Living in New Zealand comes with glorious sunshine and the great outdoors to enjoy, but on the downside, it also comes with the risks of getting skin cancer such as melanoma. Did you know that our country has the world’s highest rate of melanoma1? It’s the most deadly form of skin cancer and astoundingly, around seven New Zealanders are diagnosed with melanoma every day.2

Along with exposure to sunshine and an outdoors lifestyle, there are a number of factors that can put some people at more risk of developing skin cancer such as melanoma. Before you panic, having one or more risk factors doesn’t mean you’ll definitely develop skin cancer, but it’s important to be aware of the risks so that you can adapt your lifestyle to reduce the risk.

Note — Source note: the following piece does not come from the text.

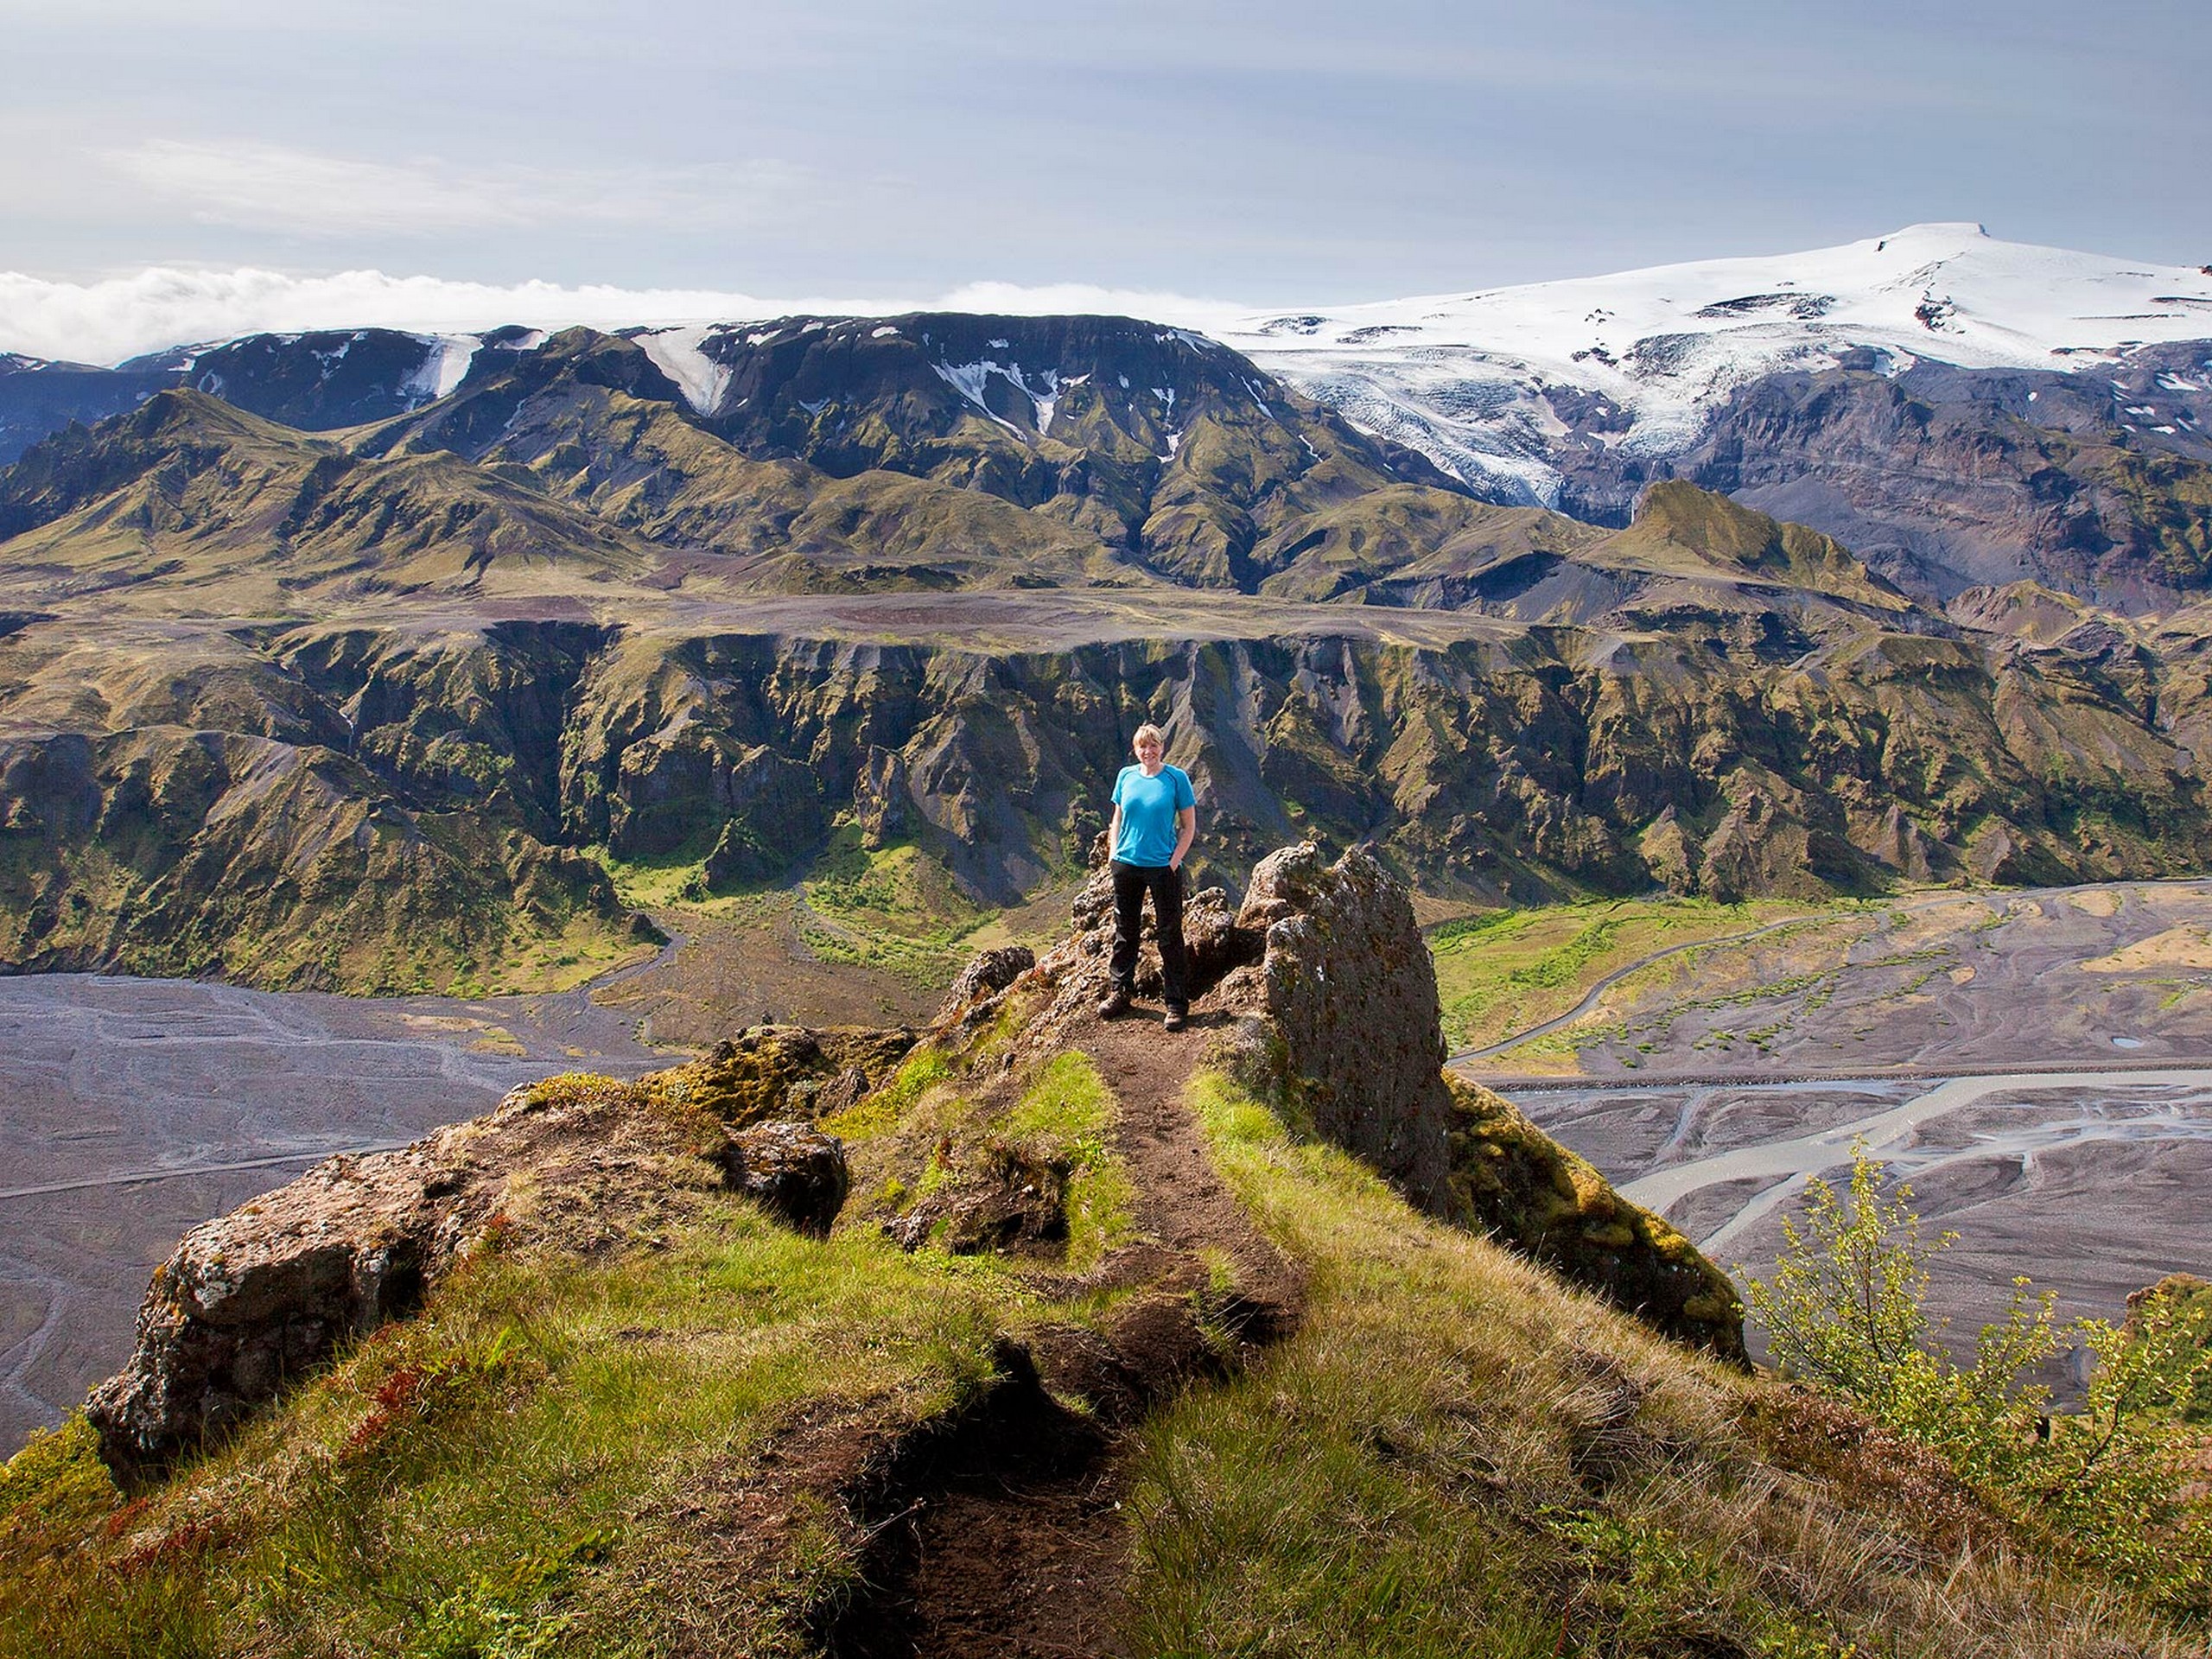 Greta S - Posing in front of the stunning landscape in Iceland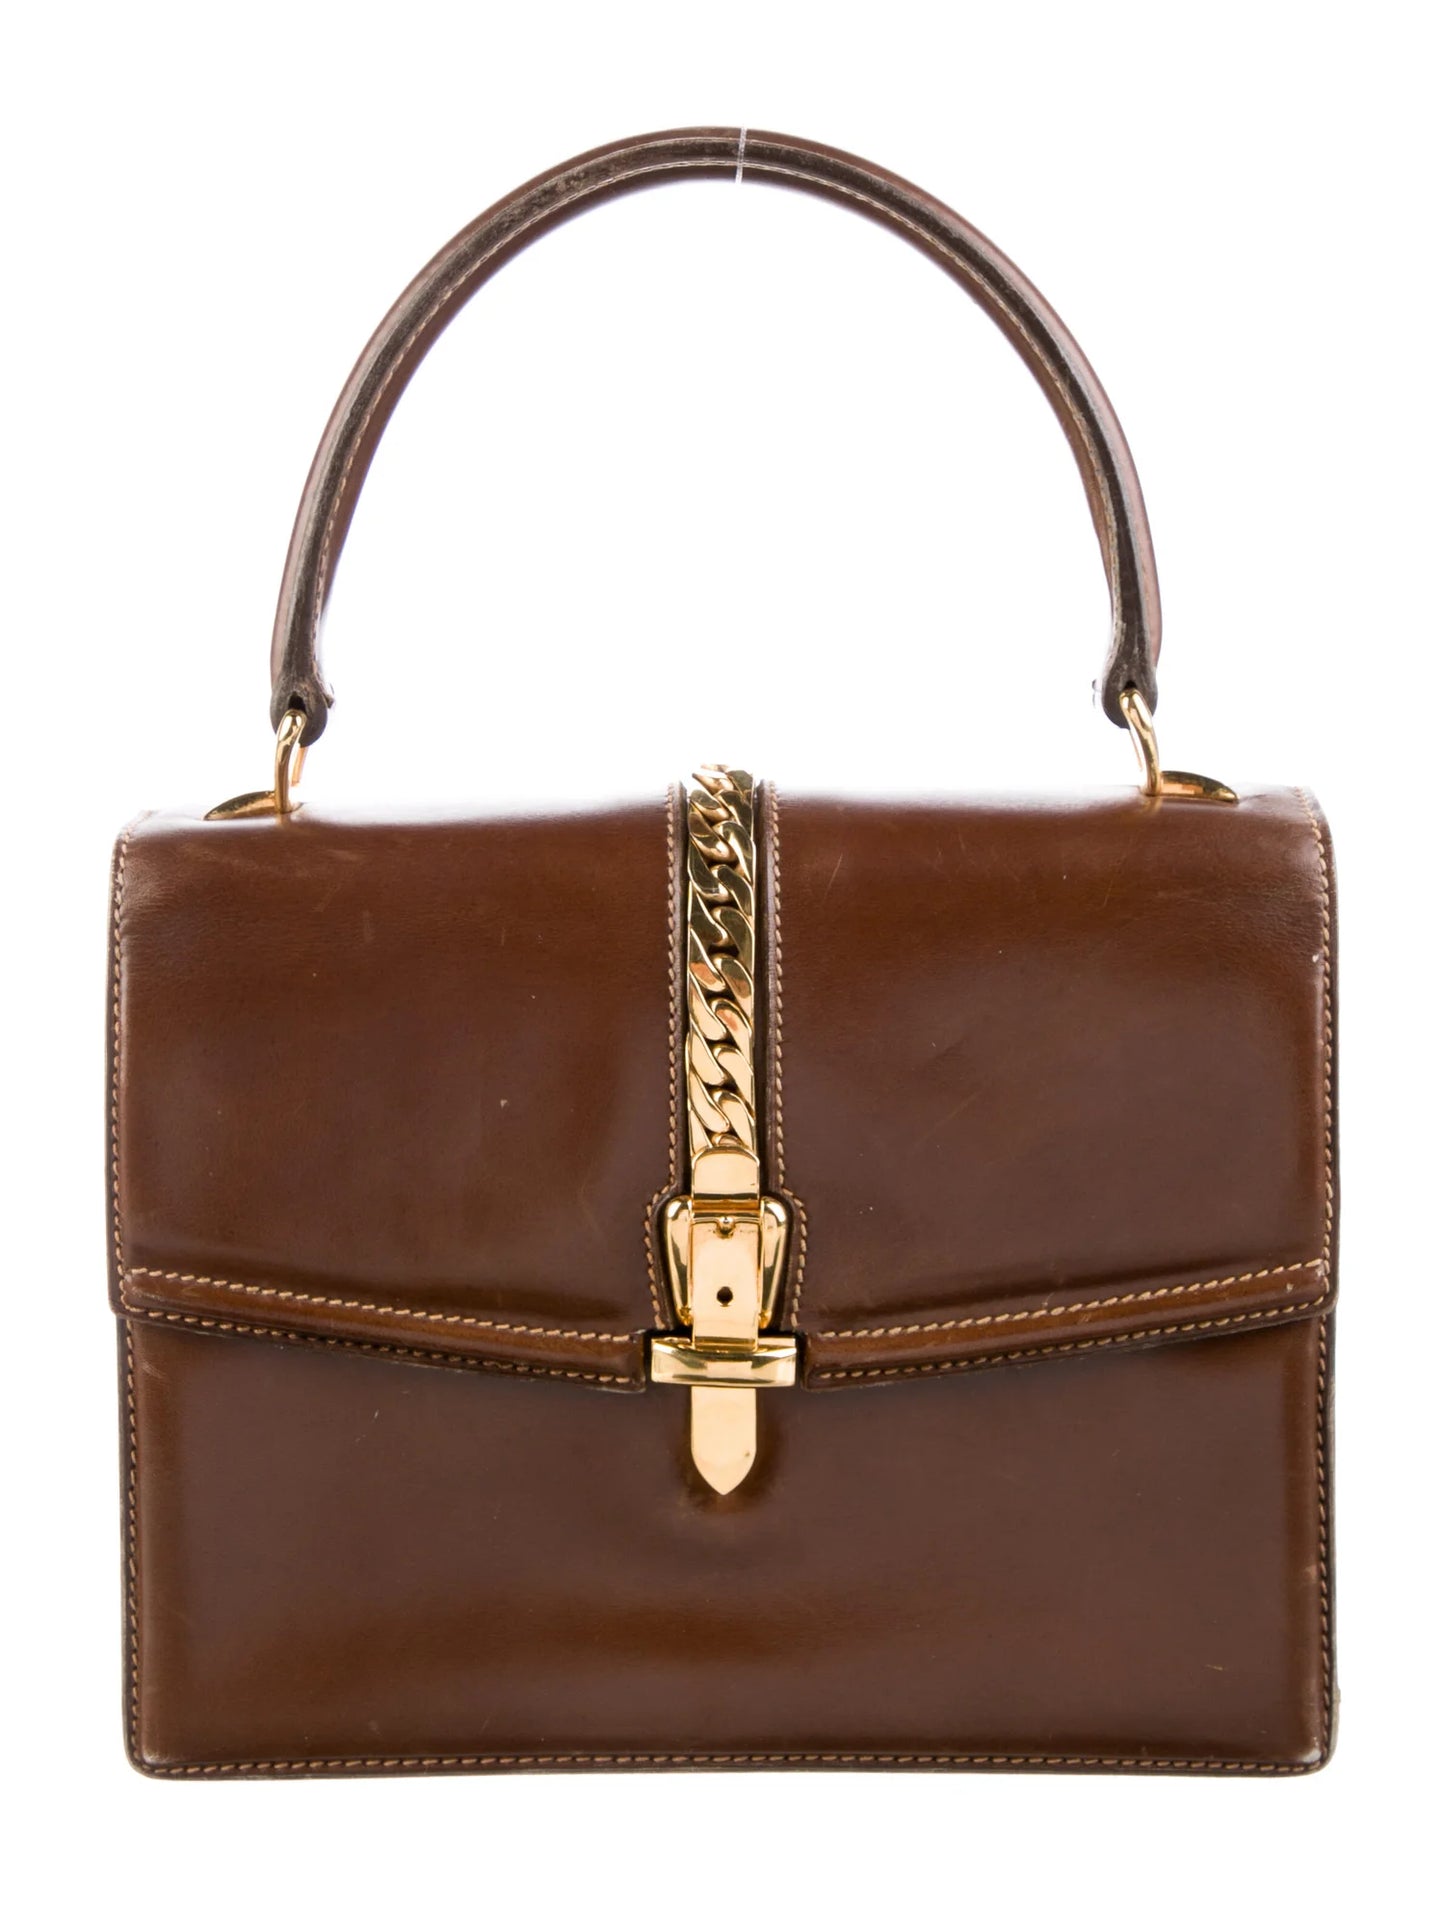 Gucci 1969 Sylvie chestnut brown leather top handle Kelly bag with a gold zipper accent

Risk factor 1: Your family history

If one or more of your immediate relatives has had melanoma, your risk of developing it is higher. In fact, you’re twice as likely to develop melanoma if there’s a history of melanoma in your close family (parents, siblings or children).3 A similar risk factor, known as personal history, means if you’ve had melanoma once, you have a higher risk – as much as nine times – of getting melanoma again.4

Risk factor 2: Your skin and hair colour

As you probably know, those with fairer skin are more susceptible to sunburn and have a higher risk of developing skin cancers. The Fitzpatrick scale is made up of six skin types that help determine your skin cancer risk. Types 1 and 2 refer to ivory or very fair skin with naturally blonde or red hair and light coloured eyes. People with these types of skin have a higher risk of sun damage and likelihood of developing skin cancers such as melanoma.5

Risk factor 3: Your age

Melanoma is more likely to occur in older people. Recent New Zealand studies tell us that if you’re over 75, you’re seven times more likely to develop melanoma than someone aged 25-44 years old.8

Not only that, most non-melanoma skin cancer (such as basal cell and squamous cell carcinoma) typically appears after age 50.

Risk factor 4: You have lots of moles

A mole, or naevus, is a non-cancerous, pigmented lesion. They often appear during childhood and early adulthood and generally are of no concern. But for people who have a number of moles, the risk of developing melanoma is higher, even up to seven times more if you have more than 100 moles.6

Risk factor 5: You have unusual moles

Unusual or atypical naevi have some similar features to melanoma. They are often larger and may have an odd shape or colour. For people that have more than five unusual moles, the risk of melanoma is six times higher.7 Check out the ABCE guide to spotting melanoma here.

So, how can you reduce your risk?

If one or more of the above apply to you, what are some ways you can manage your risk? Quite simply, if you’re older, have fairer skin, a history of melanoma in the family or have a large number of moles, it’s important to be really vigilant about checking your skin.
Early detection is the best protection, so get to know your skin and moles – and check regularly for any changes. If you have any concerns, see your doctor straight away – and see a skin cancer specialist such as MoleMap every year.

And of course, good protection when you’re out in the sun is vital. A simple way to remember this is the SPOT rule of thumb:

SLAP on at least SPF30+ sunscreen every day.
PROTECT your skin – cover up or stay in the shade.
OBSERVE – look for changes in your skin regularly.
TRACK changes every year with MoleMap.

To learn more about the range of skin check services offered by MoleMap click here, or to book an appointment, click here.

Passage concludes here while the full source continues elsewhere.